The main idea being floated is by the “we want to stand on our own two feet” lobby.

Others include the call since the late 1980s by BHF chairman Dr Jeffrey Kitingan for the Malaysian government to comply with the 1963 Malaysia Agreement (MA63), Simon’s mantra that “life in Sabah was better before Malaysia”, the movement to restore the sovereignty of Sabah and Sarawak of 31 Aug, 1963 and 22 July, 1963 respectively; the Sarawak’s government’s decision this year to observe 22 July as Liberation Day for the first time in 50 years; the UK-based Borneo’s Plight in Malaysia Foundation (BOPIM) internationalising “the colonisation of Sabah and Sarawak by Malaya”; ongoing efforts to wrest back control of local oil and gas reserves from Putrajaya, and the push to carry out the never implemented 1973 Review of the status of Sabah and Sarawak in Malaysia.

In Sabah, the federal government stands accused of embarking on “the virtual theft of an entire country from its people in cahoots with illegal immigrants” who are allegedly being entered in the electoral rolls.

Other running themes in the alternative media, Facebook in particular and/or by email, are that Malaysia is a failure – lack of security, poverty, unflattering comparisons with Singapore (its economy being almost as large as that of Malaysia) and Brunei are being cited –; Sept 16 is Occupation Day since there was “no Referendum” on Malaysia; Malaysia is a bad British idea; the Sabah Royal Commission of Inquiry (RCI) on illegal immigrants was set up to be a great whitewash; and the UN should revisit Malaysia in Borneo following allegations of colonisation.

The other sub paper, ‘Malaysia: the Making of a Grand Design’, by Professor A. J. Stockwell, was based on declassified colonial documents on Malaysia released in London.
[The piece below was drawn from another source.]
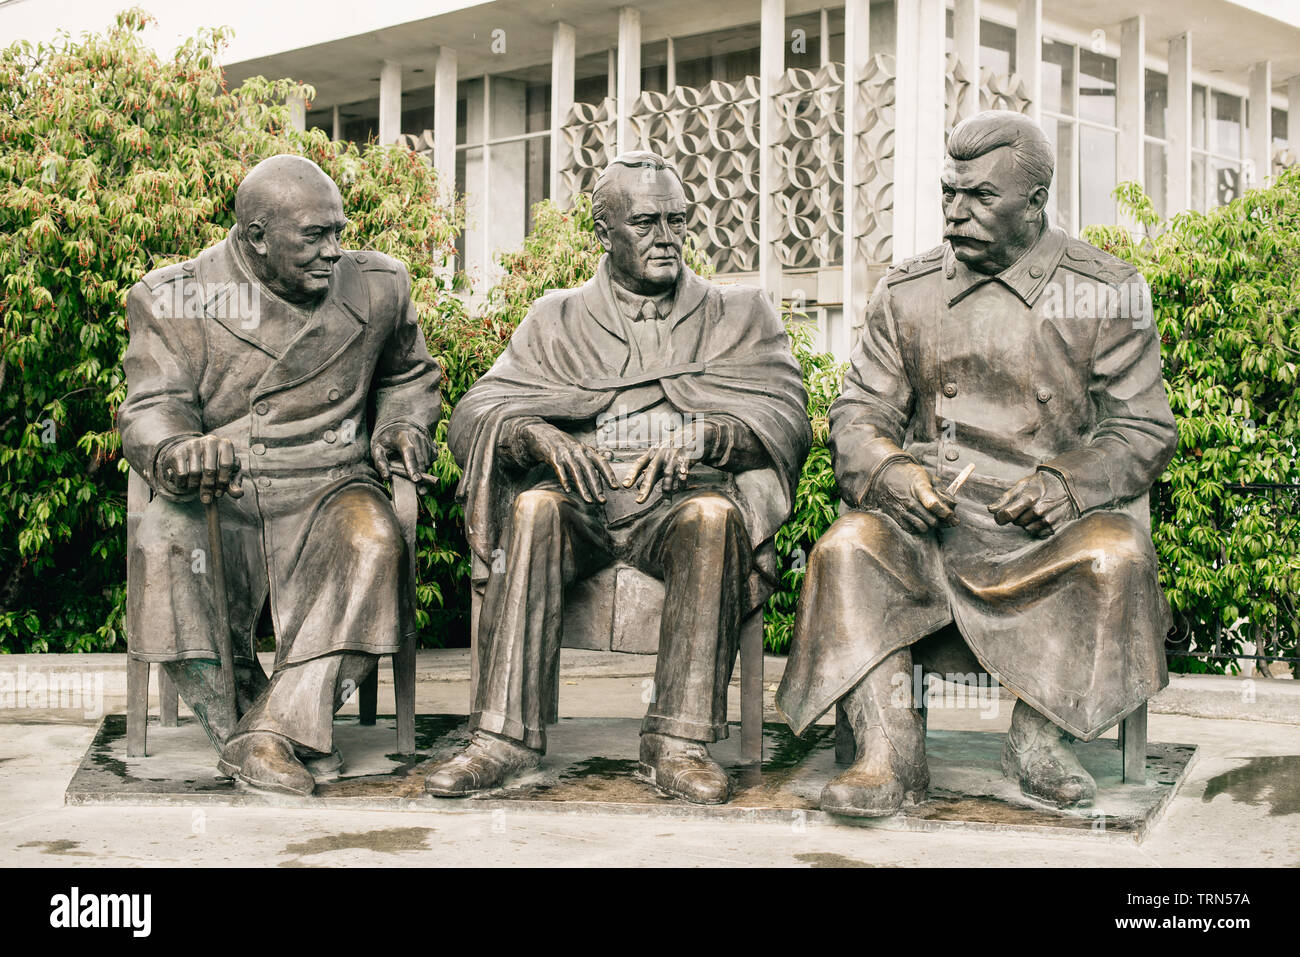 Yalta. Crimea. Russia - August 31, 2017: Monument to the Leaders of the 'Big Three' - Joseph Stalin, Franklin Roosevelt and Winston Churchill. Stock Photo

Apparently, these documents appear to indicate that the British were convinced that “Malaya would colonise Sabah and Sarawak after they left”.

Future direction of the two Bornean states

Jeffrey Kitingan sketched three options in conjunction with the 50th year of Malaysia in Sabah and Sarawak: (1) tolerate the present situation i.e. do nothing; (2) get out (of Malaysia); or (3) Review the status of Sabah and Sarawak in Malaysia – in his paper, ‘Malaysia at a crossroad’.
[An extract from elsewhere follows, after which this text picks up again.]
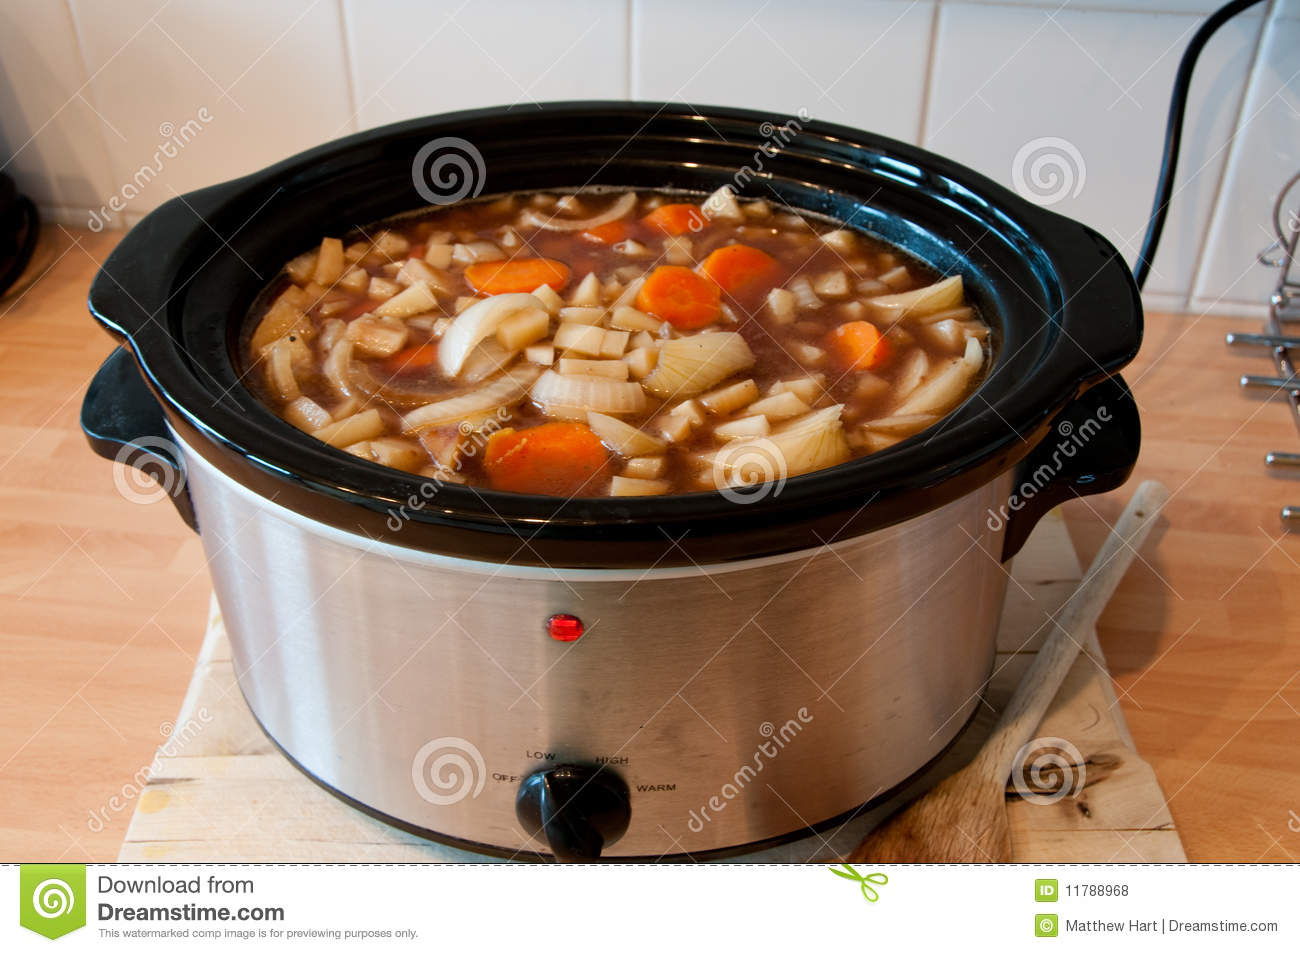 Slow Cooker With Scouse Cooking Standing On A Wooden Board With A

He disclosed that former Prime Minister Mahathir Mohamad advised him once not to make the people “smart”, “don’t tell them what they do not know”. That was before Jeffrey was detained without trial under the draconian Internal Security Act (ISA) for three years. Mahathir “had heard” that Jeffrey was “instigating the people in Sabah”.
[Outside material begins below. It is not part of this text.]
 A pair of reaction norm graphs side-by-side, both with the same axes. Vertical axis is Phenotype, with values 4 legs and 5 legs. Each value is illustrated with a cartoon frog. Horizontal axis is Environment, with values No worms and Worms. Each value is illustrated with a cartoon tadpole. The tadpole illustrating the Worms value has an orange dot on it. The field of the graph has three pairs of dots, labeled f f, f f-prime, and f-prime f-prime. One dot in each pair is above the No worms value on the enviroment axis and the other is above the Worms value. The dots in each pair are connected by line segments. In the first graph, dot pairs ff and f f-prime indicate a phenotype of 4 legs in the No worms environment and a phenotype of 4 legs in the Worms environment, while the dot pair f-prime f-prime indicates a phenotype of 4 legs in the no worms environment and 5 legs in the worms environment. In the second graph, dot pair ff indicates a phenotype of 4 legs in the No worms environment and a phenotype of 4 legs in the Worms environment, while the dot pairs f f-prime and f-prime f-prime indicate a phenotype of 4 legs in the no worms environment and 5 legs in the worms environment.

Professor Dr Kevin Tan from Singapore reviewed the city state’s brief two-year membership (1963 to 1965) in the Malaysian Federation. His Paper, ‘Federating for Survival: The Case of Singapore’, left no doubt that Singapore’s merger with Malaya via Malaysia was more about saving then Prime Minister Lee Kuan Yew from certain defeat at the hands of the communists! Sabah and Sarawak were the sacrificial lambs to Malaya to save Lee’s political career.

Lawyer Sukumaran Vanugopal from the Sabah Law Association (SLA) gave several instances of the Malaysian government being in breach of MA63 in his paper, ‘Malaysian Constitution: Whether in Accordance with the Malaysia Agreement 1963’.

It appears that such breaches could have been avoided by taking the necessary legislative, executive and other steps stated in the Inter Governmental Committee (IGC) Report to give flesh to the assurances, undertakings and recommendations in MA63. However, because of the absence of a basic features doctrine in the Constitution, Sabah and Sarawak rights in Malaysia were whittled away over the years.

Role of Islam in Sabah and Sarawak

Left unsaid was that the constitutional documents on Malaysia render such whittling away null and void to the extent of their inconsistency with the uncodified Constitution of Malaysia.

The most infamous example of whittling away was a 1973 state constitutional amendment making Islam the official religion of Sabah.

Sukumaran, however, did not point out that the amendment was undertaken by the illegitimate Mustapha government, returned to power unopposed when opposition candidates were forcibly prevented from turning up to file their nomination papers.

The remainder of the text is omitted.